次に葉の棘が特徴的な植物が植えられた植木鉢を置いた。

「この葉っぱの棘が特徴だからね。薬草に似た毒草があるのだけれどそっちはこの棘がないからすぐ分かると思うわ」
「その毒草は危険なものなんでしょうか?」
「口に入れなければ大丈夫です。もし誤って入れたとしても少し体が痺れる程度の弱い毒なので安心してください」
「なるほど。それでアスリアの森とはどこにあるのでしょうか?」
「アスリアの森は豊穣の森より小さいですが多種多様な動植物が生息している森です。場所は南門を出てそのまま街道に沿って歩くと立て看板が立ててあるのですぐに分かると思います。魔物も数は少ないですがいるので気を抜かないでくださいね」
「分かってます。みんな行くよ」
「は〜い」
「くれぐれも気をつけるのよ〜」

お姉さんに手を振られながら見送られた私たちはそれぞれ一つずつ思い思いの場所に袋を括り付けて意気揚々とアスリアの森を目指す。

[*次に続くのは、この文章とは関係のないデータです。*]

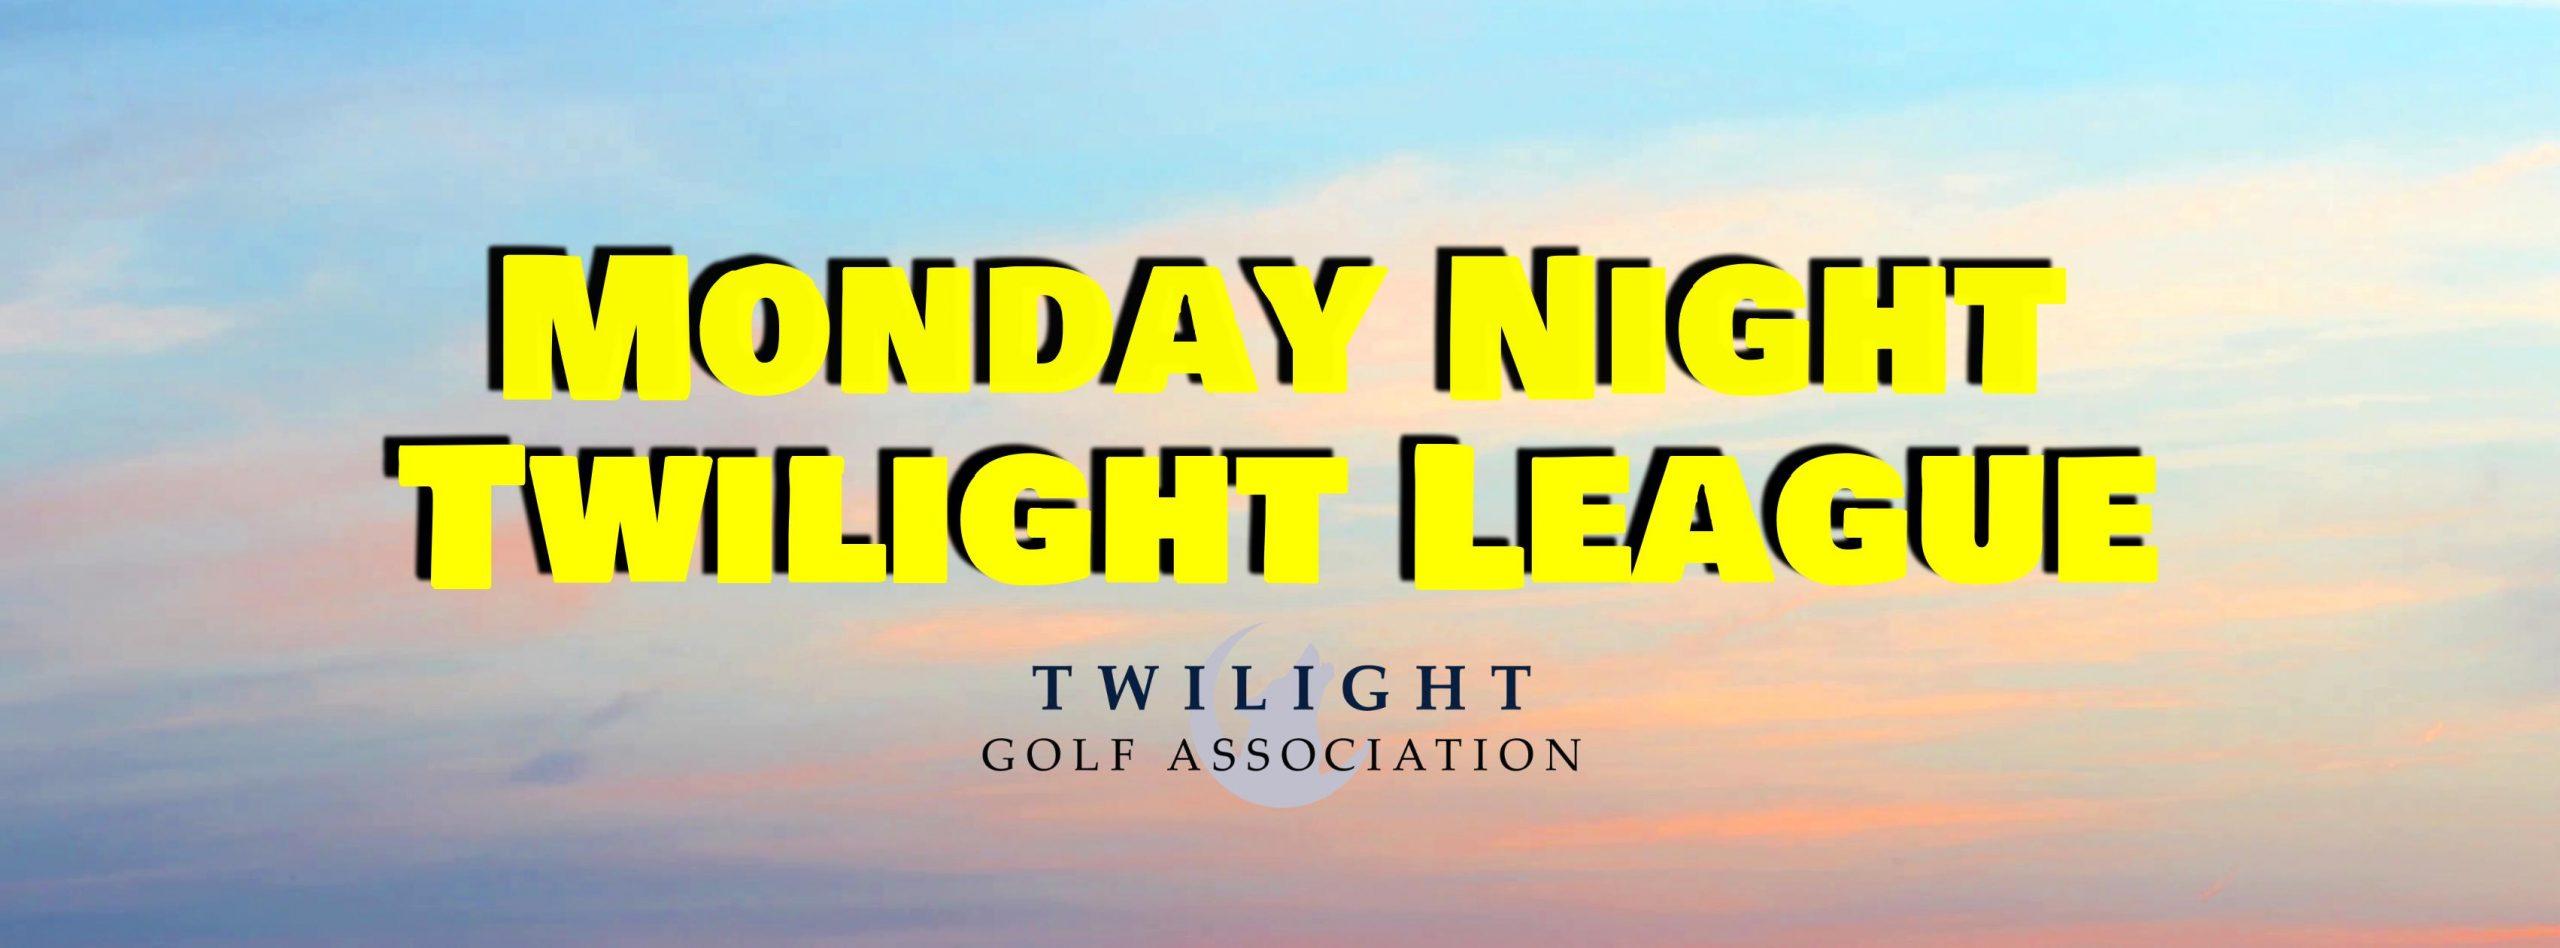 Monday Night Twilight League at Bey Lea Golf Course

南門から街を出た私たちは言われたとおりの道順を辿り、終始和やかにピクニック気分でアスリアの森に辿り着くことが出来た。南門から出るまでに人の波に再び晒され、潰されかけたというのは割愛させてもらう。

「さくっと終わらせよう!」
「そうね。早く終わらせて次の依頼を探しましょう」
「えー! 次もお仕事するの〜」
「そうよ。さ、頑張りましょうか」
「は〜い……」
「……ラン落ち込まないで」
「ロロお願いするわ」
「……うん。ちょっと待ってて」

ロロは一つ頷いて傍の木にそっと手を触れる。
エルフであるロロは森の精霊や木々とある程度の意思疎通をすることが出来る。豊穣の森では森自体の異常で出来なかったが、この森では問題なく出来るはずだ。

「……分かったよ。奥の泉に群生してるみたい」
「ありがとう。じゃあ道案内お願いね」
「……うん。こっち」

いつになく誇らしげに前を歩くロロ。私は昔のロロと比べて思わず口の端が緩んでしまった。